Everything I had deplored about my life was precisely how God kept pulling me back.  I realized what a grace it was that I even became grateful for my sin. 

It sounds heretical but we sing about it at Easter when we call the sin of Adam a Happy Fault.  Even when I was turning away from You, You were more powerful and were drawing me back to You.
We base salvation upon woundedness to level the playing field where everyone has access to God.
Julian of Norwich said:  “Our wounds are our very trophies.  They are the holes in the soul where light breaks through.”  Leonard Cohen, in the song Anthem says, “Forget your perfect offering.  There is a crack in everything.  That is how the light gets in.”

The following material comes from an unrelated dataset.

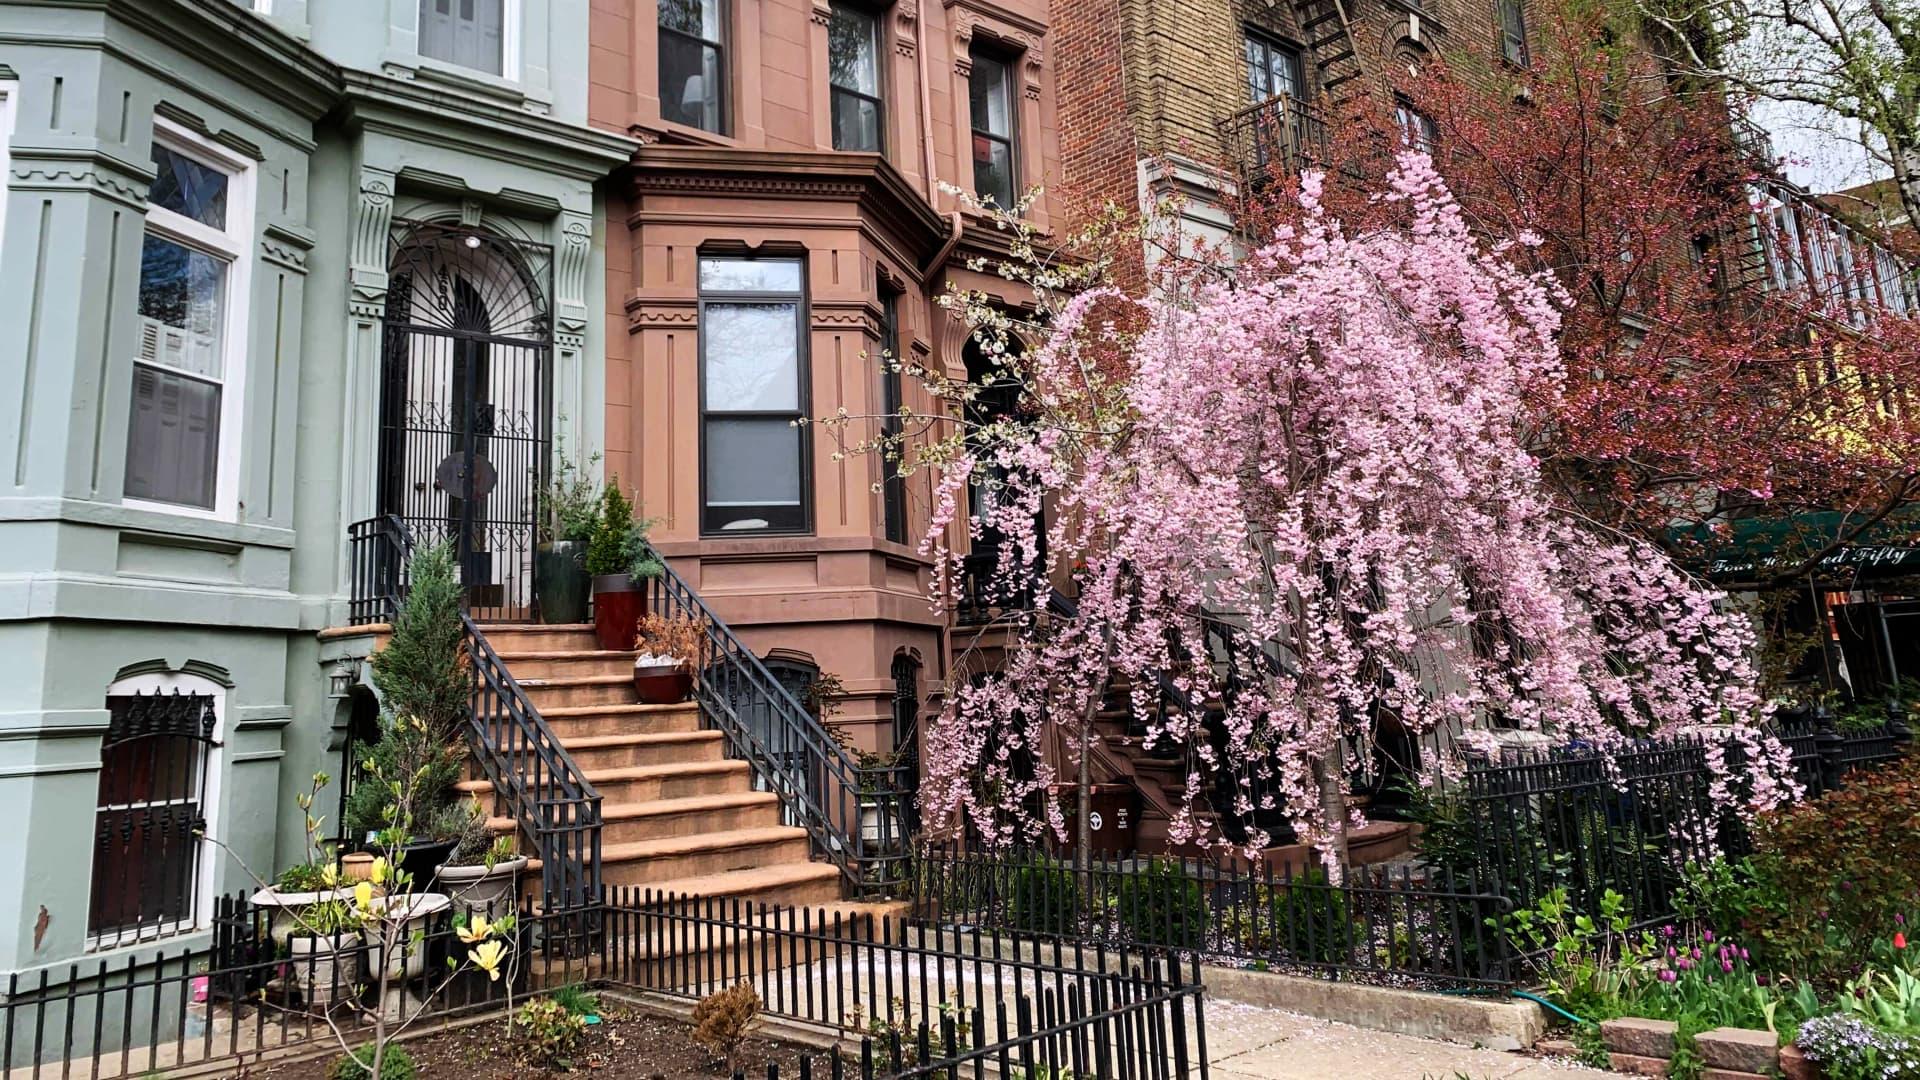 A morning walk in Brooklyn's Clinton Hill neighborhood in spring.

The Mystery of Sin follows on the heels of our understanding of humility but it takes it one more step.  God uses sin to draw close to us.  Julian of Norwich tells us that both the first fall and the recovery from the fall are the mercy of God.  In falling down we learn almost everything that matters spiritually.  All of the things that are achievements feed our ego too much.  There are things we keep so secret because they are just horrible, but if we own that one day we will even see our sin as our trophy.  It is falling upwards.

We often have a hate relationship with the faults, wounds and failures of our lives but take heart; God will use it and we’ll be able to thank God for the circuitous route and for all of our sins because God never left you and He used your failure as the route to Him.  People who don’t get close to God never admit their sin and their failure.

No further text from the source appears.